Still less than 200 years ago a war was fought over ideologies which allowed for or didn’t allow for slavery in the United States. Men and women were chained and beaten and forced to work in subhuman conditions without any rights to property. Families were torn apart and people were bought and sold like animals. The struggle to free these people was arguably more valorous than the war fought for American Independence from the British – a simple matter of property and taxation.
The Jewish Holocaust of the 20th century was a similarly insidious and despicable occurrence. Although it was not a primary cause of World War II, the post-hoc analysis of the conflict has added it to the numerous justifications that the Allied Powers had for imposing strict measures on Germany. The holocaust resonates through German culture today. The suffering of the Jewish people was as severe as could be imagined and on a scale that is nearly impossible to conceive. This was an evil unlike any that the world has ever seen.
The infringement of the human rights of minority groups today pales in comparison with these two historic tragedies. Although homosexuals are still subject to prejudice and exclusion on the basis of their sexuality, they are not, in most parts of the world, stripped of property and life. They are not herded into transport and taken away from their homes to be either the property of another human or worse to be exterminated entirely for no other reason than their sexuality.
Black men and women today are still subject to biases and prejudices. They are incarcerated at a higher rate per capita and are killed by law enforcement at a higher rate per capita. They are more likely to live in poverty than white citizens and the roots of this run deep into the past along family lines as well as in the general rules that are set against them. This seems fairly inarguable.
They are not, however, chained, whipped, nor beaten. They have the right to property and can vote. They can hold any job – up to and including President of the United States of America. But the plight of the modern African American is compared to and inexorably linked to the plight of the slave – as if the two were one and the same.
The comparison of racial bias and prejudice today to slavery or to the holocaust are miscarriages of logic and reason. To the unthinking person they may seem excessive or hyperbolic, but the thinking person these comparisons should be an insult to reason and an insult to those who suffered under these institutions. Not just an insult, in fact, but a deliberate and malicious attempt to minimize their suffering by comparing as equals those who suffer, in comparison, much less.
When we see images full of white and black people together, or watch the video of the little black boy and white boy hugging, it seems to stand in stark contrast to our reality. We are told that we are in a racial war. The same goes for straights and LGBTQ+ people, to the point where being cis-gender, cis-sexuality is an odd thing and something to be embarrassed or ashamed of.

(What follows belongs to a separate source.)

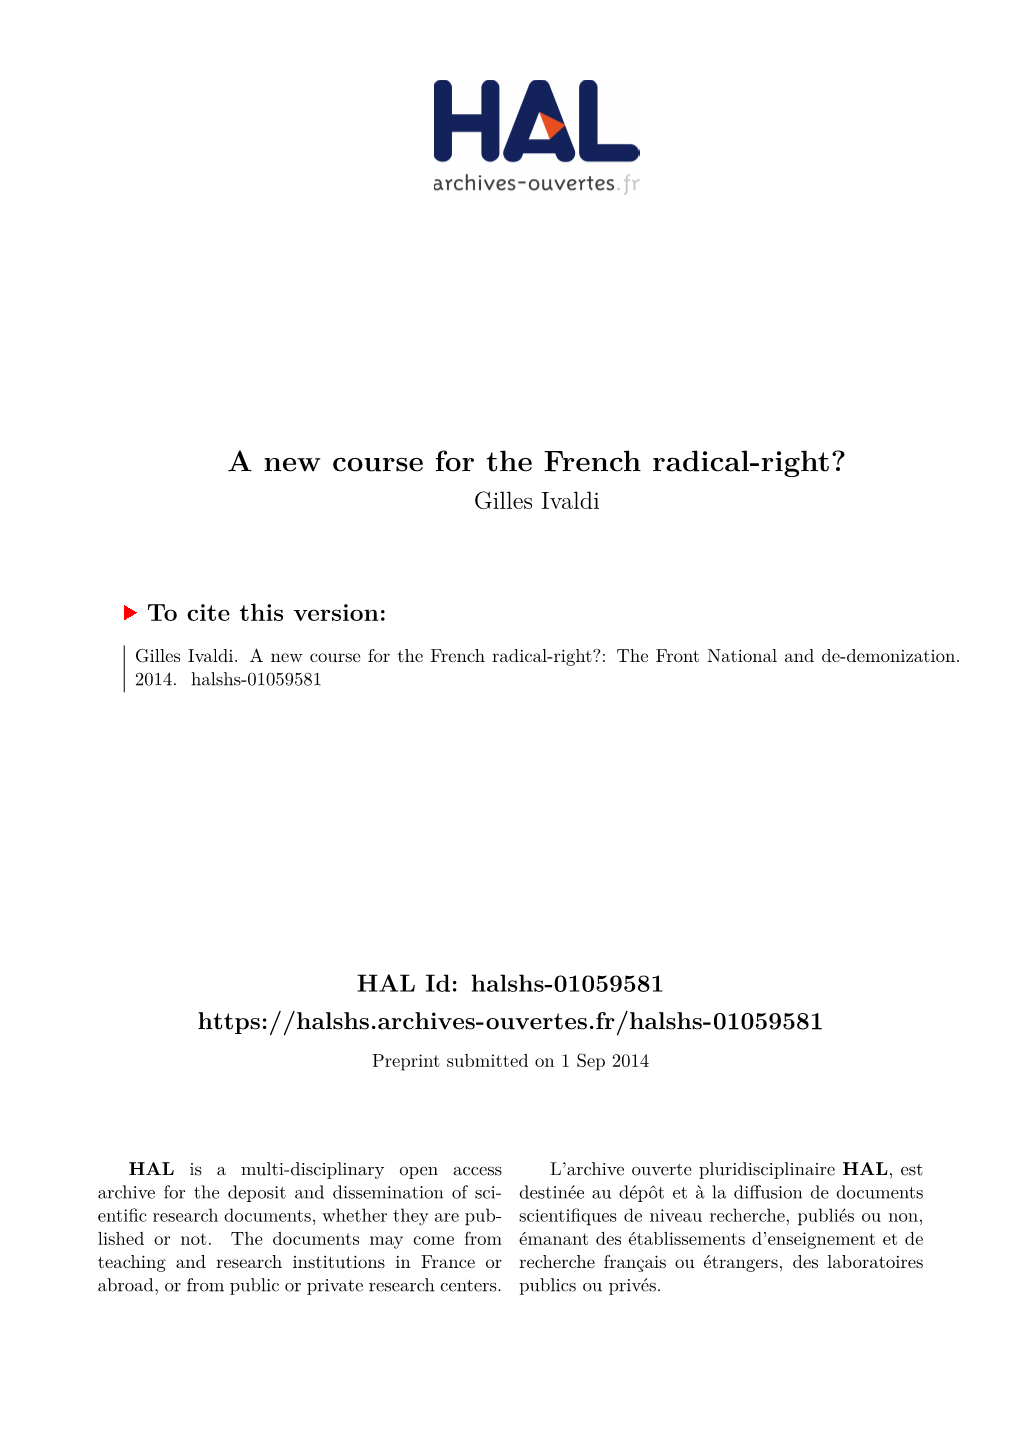 A New Course for the French Radical-Right? Gilles Ivaldi

In reality, however, we do not live in a world of racial strife or strife over sexuality. We live in a world where all of these people have roughly equal rights and opportunities. Where those rights are different, we are working hard to equalize them, but this does not rise to the level of war and certainly does not compare to the fight over slavery. When we say that the rights of LGBTQ+ are infringed, it does not mean that they are being walked into gas chambers to be summarily executed. It means that they have slightly fewer opportunities.
The fight to bend your mind into believing that we are in some sort of ideological war is intended to cause you to question your reality. It goes beyond your mind into the metamind which shapes all of consciousness. You are just one node in it, a blinking light, a diode, a binary figure that contributes to it. Guard yourself against distortions or reality and see that you don’t contribute to a disturbance of the Reality Machina.